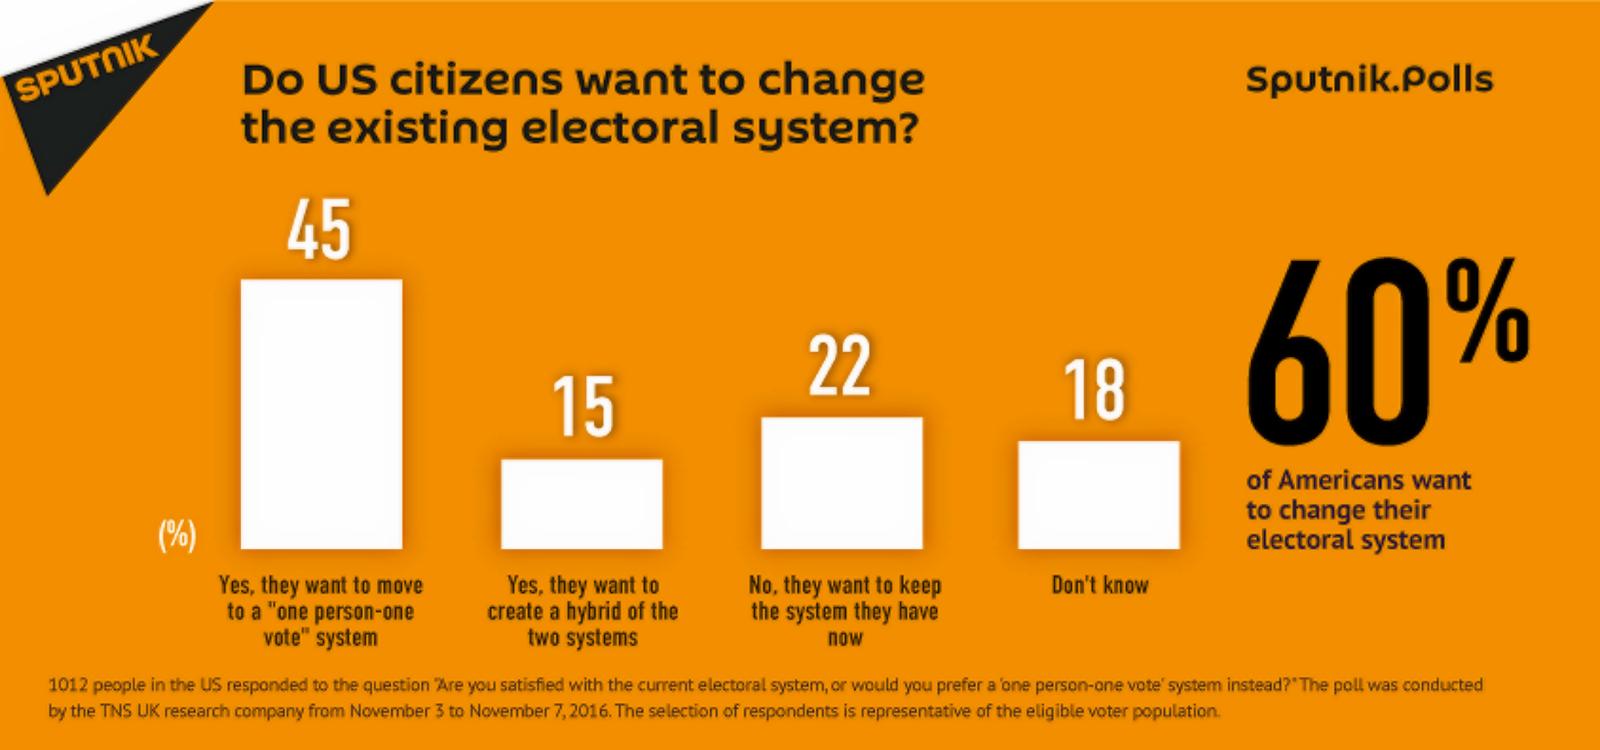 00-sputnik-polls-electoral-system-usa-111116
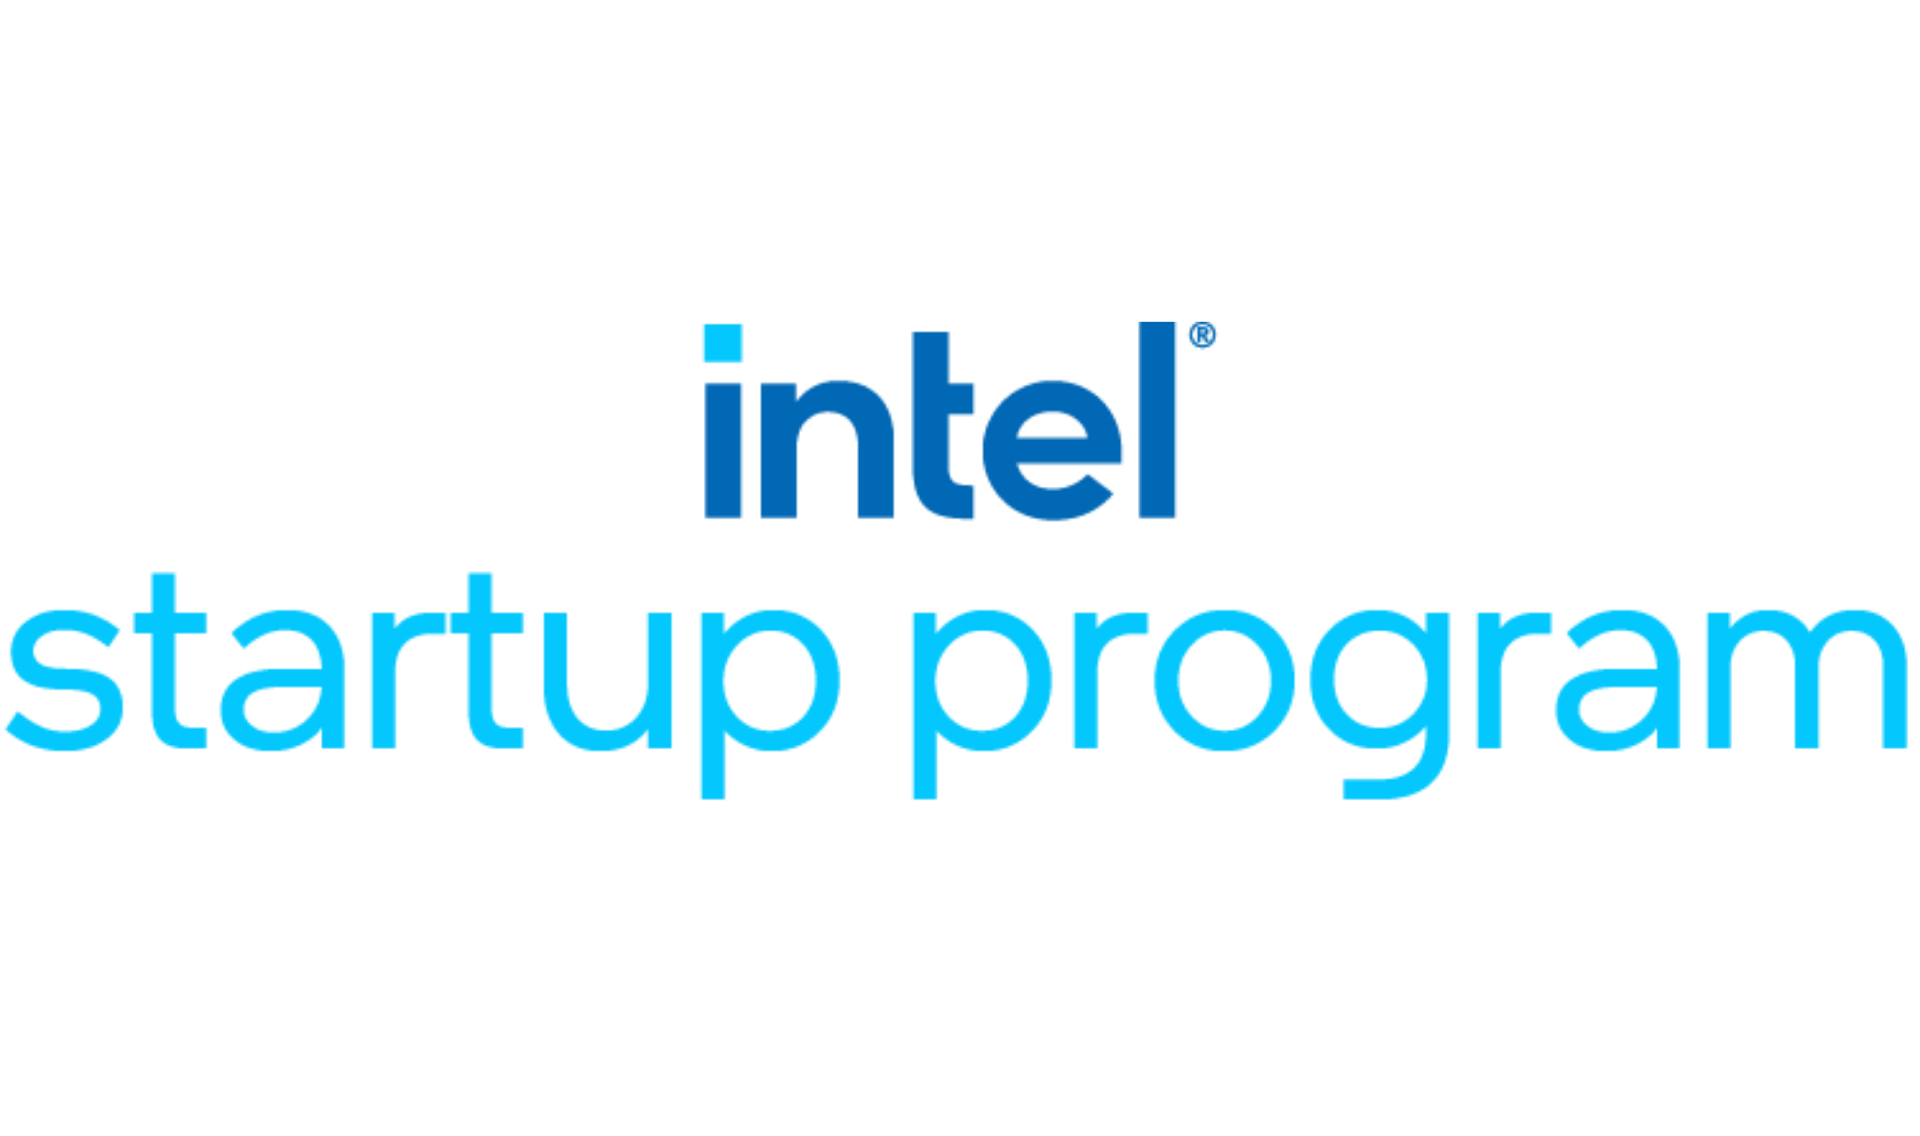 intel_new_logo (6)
::::
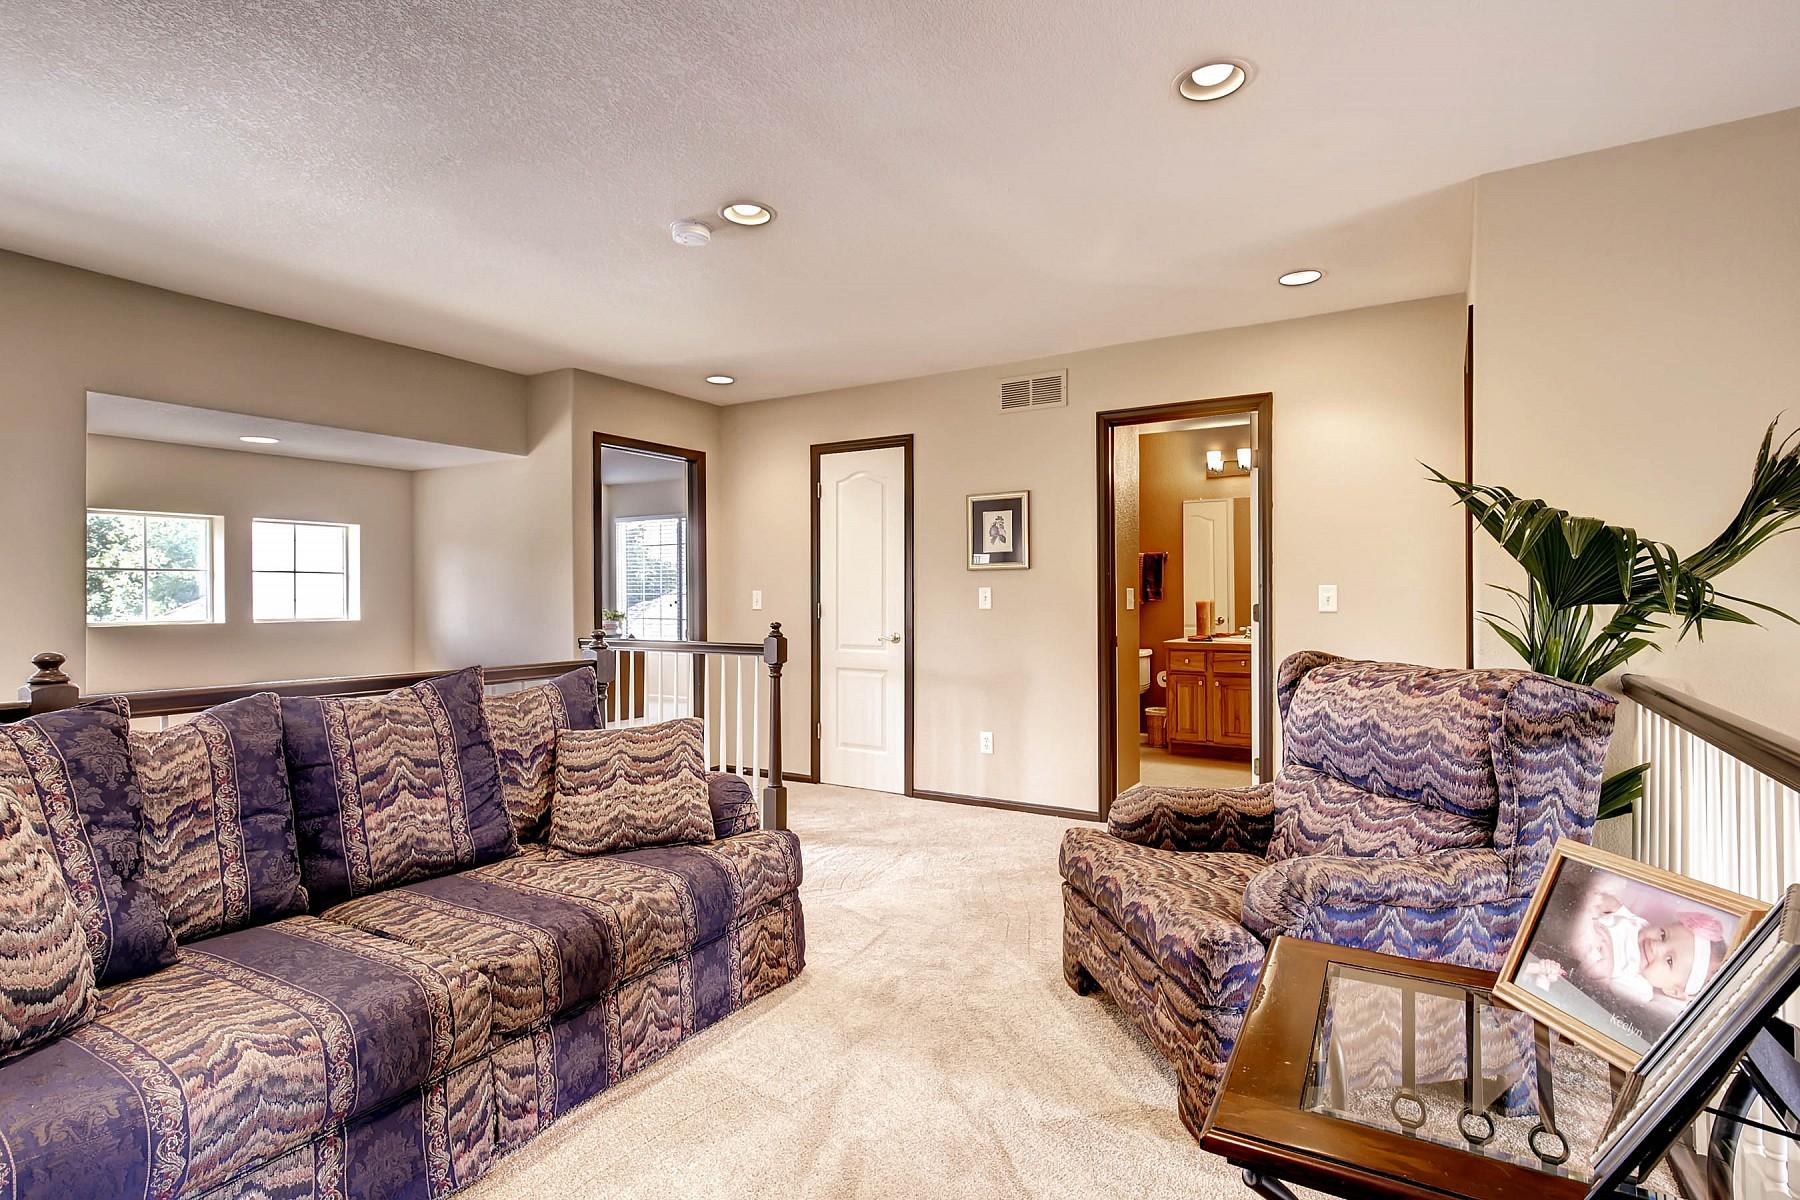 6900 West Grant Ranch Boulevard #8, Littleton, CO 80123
::::
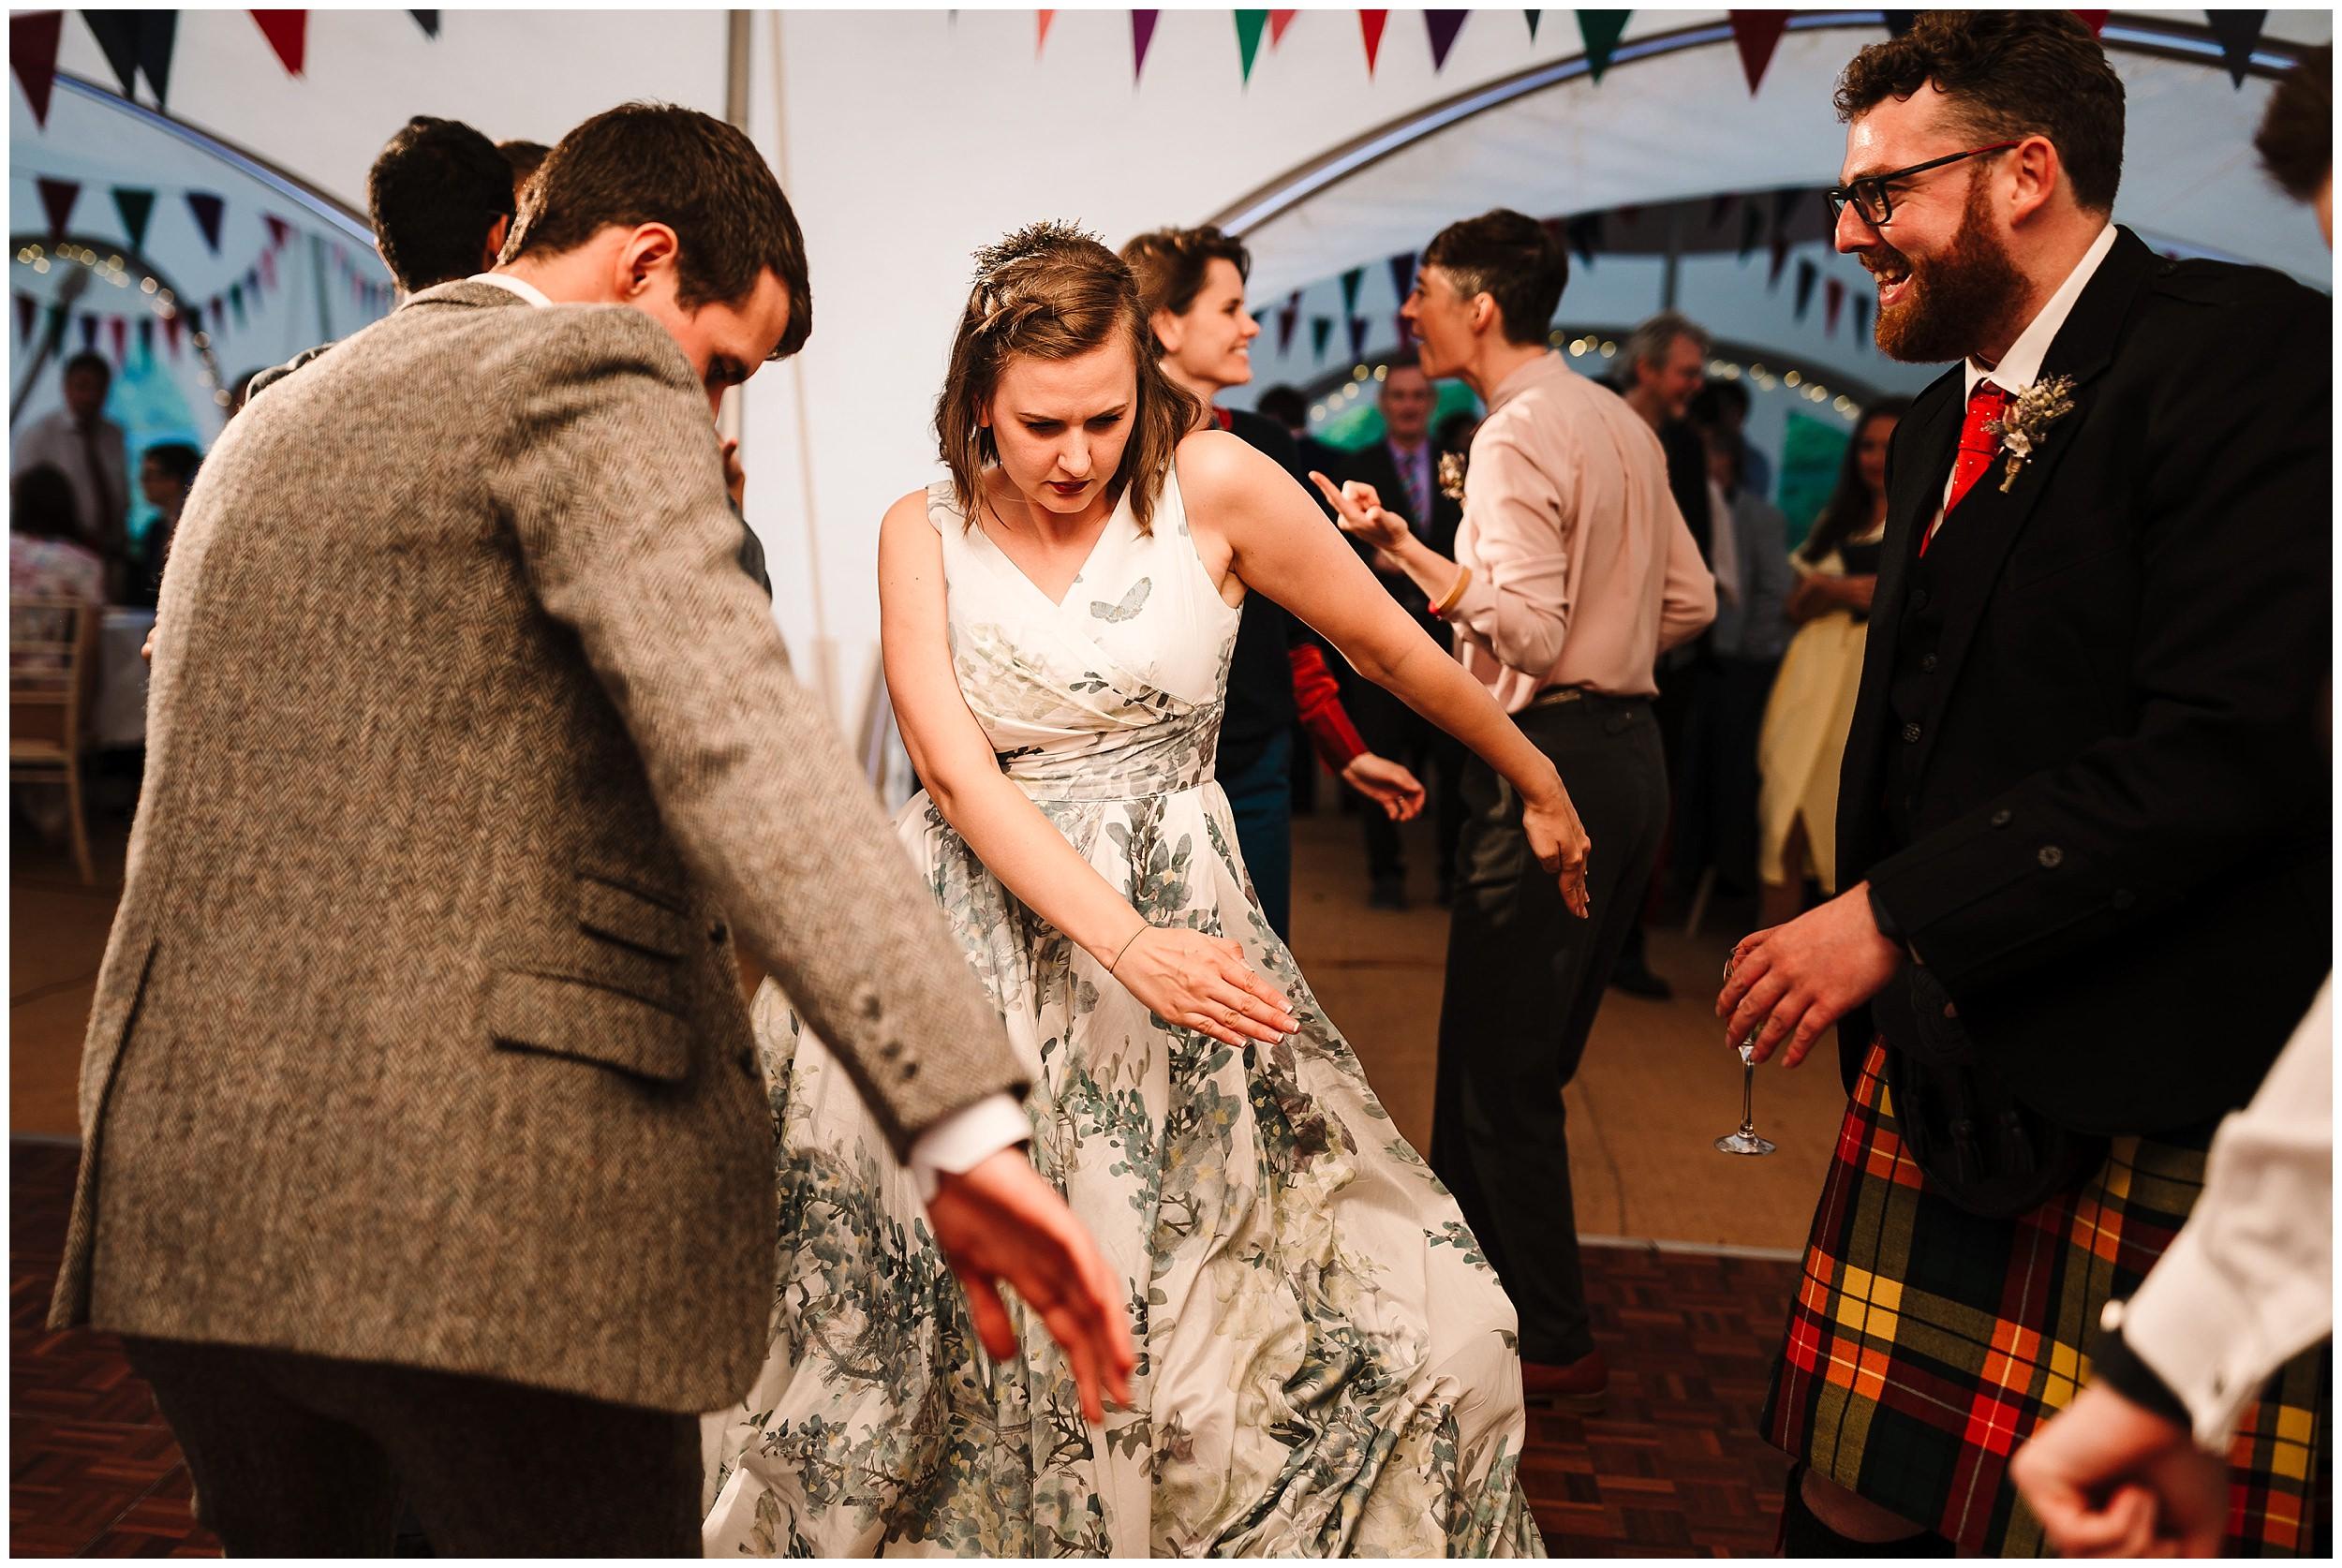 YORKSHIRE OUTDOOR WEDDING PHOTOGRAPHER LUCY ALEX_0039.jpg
::::
**WHAT YOU NEED TO DO**
Give the lines above again exactly, from the one containing "00-sputnik-polls-electoral-system-usa-111116" to the one containing "intel_new_logo (6)", both included, but leave out the pictures.

**EXERCISE ANSWER**
 00-sputnik-polls-electoral-system-usa-111116
 intel_new_logo (6)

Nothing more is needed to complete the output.